Littlewoods censors Facebook backlash over Christmas spot
Littlewoods has begun removing complaints on Facebook about its Christmas TV ad, following a consumer backlash.
Littlewoods: ad has been criticised for encouraging consumer spending
The ad features a twist on a nativity play, in which children sing and rap about presents bought by their mums.
Hundreds of consumers have attacked the ad on social media sites, complaining that it is inappropriate given the current economic climate.
Comments such as, "Stop ruining Christmas for kids with your rubbish TV advert," have been being manually deleted from the store's Facebook page in an attempt to curtail the growing consumer backlash over the spot.
The ability to comment on the ad itself has also been disabled.
A debate on YouTube about whether the ad should be banned has racked up over 20,000 views, with commentators complaining it tells children "Santa doesn't exist".
One commentator said: "I don't think it's a stretch to say it is too irresponsible to allow. It promotes copious spending, which is what started this damn credit crisis – people spending money that they haven't got because they felt the need to compete with the Smiths, or buy love."
Another commentator said: "What a great example to kids to know that what makes a mother a good one is how much over-expensive bling she buys them at Christmas."

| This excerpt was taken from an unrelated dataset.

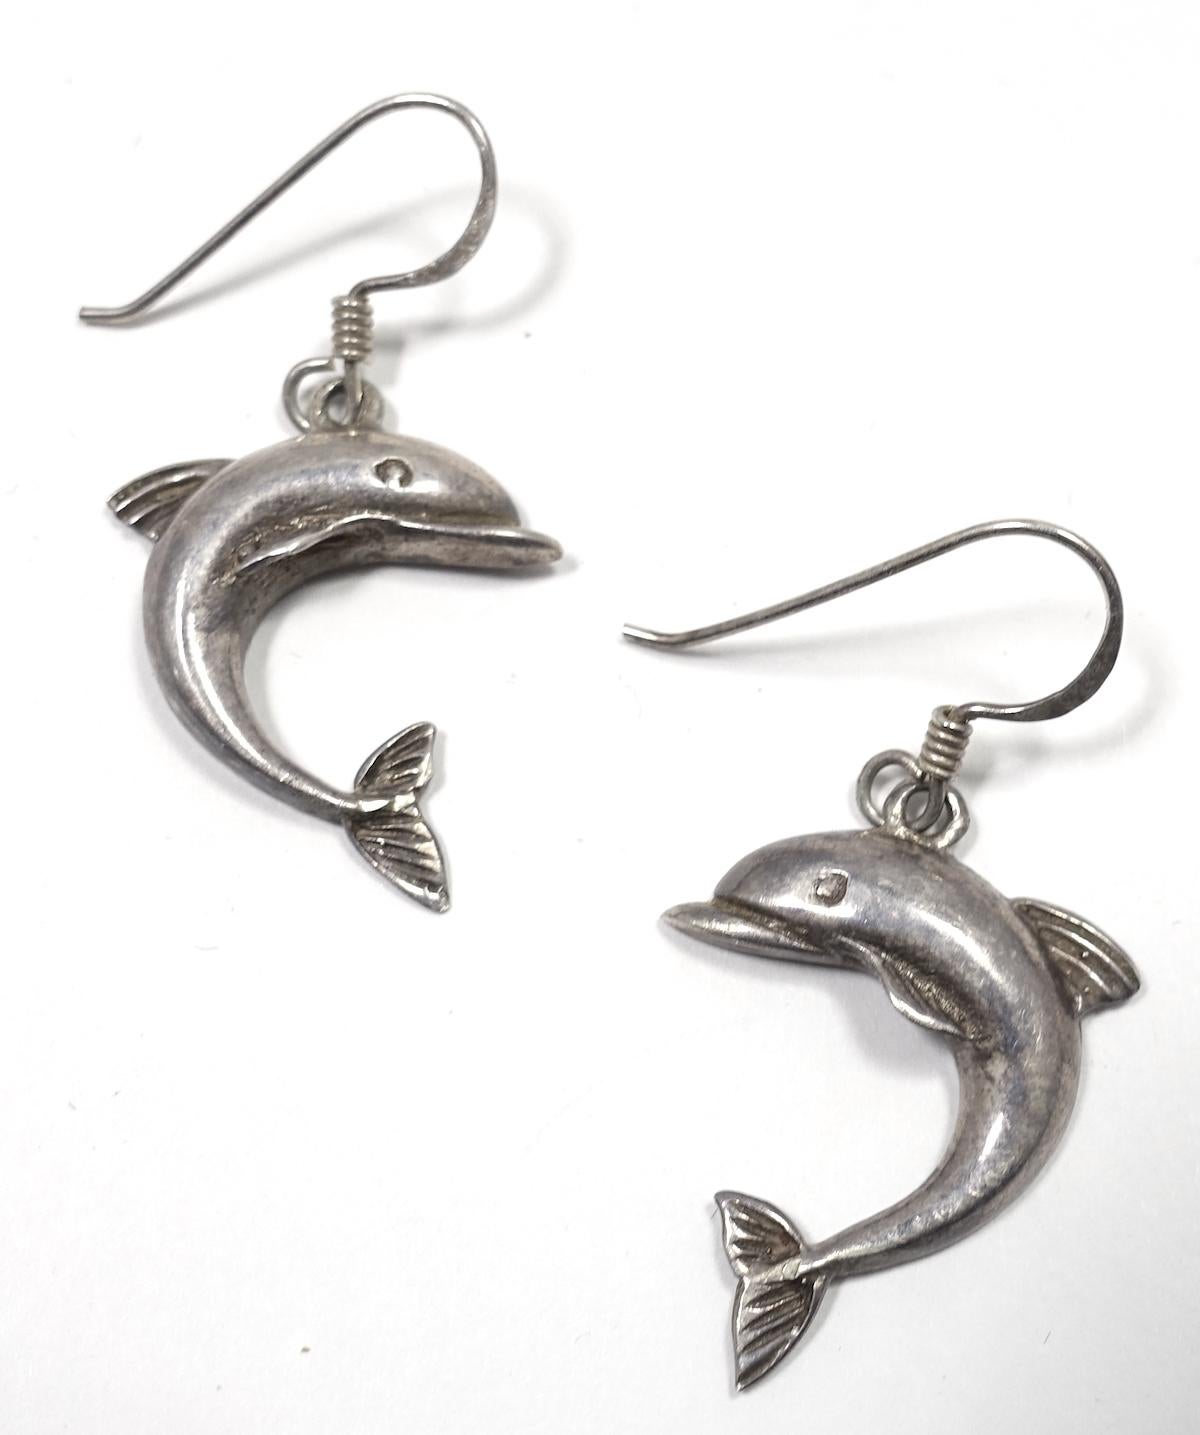 These vintage earrings feature cute dolphins in sterling silver.  These pierced earrings measure 1-1/2” x 3/4” and are in excellent condition.

In July, Littlewoods opted not to appoint an agency, despite conducting a pitch for the business The pitch was understood to have included Dare, Beattie McGuinness Bungay, St Luke's and VCCP. Leo Burnett was the previous incumbent but declined to repitch.
Update - A spokeswoman for Littlewoods denied the negative posts were deliberately being deleted. A spokeswoman said: "Occasionally, Facebook marks certain posts as spam, usually when a person has posted a number of times in a short space of time. At various points throughout the day, we check the posts held as spam by Facebook and republish them."
"The advert has now been viewed over 40m times and we have only received complaints from a very tiny percentage of viewers. We welcome all feedback, both positive and negative and each of our websites allows people to review products and give their opinions – it is our policy to never censor customers’ opinions."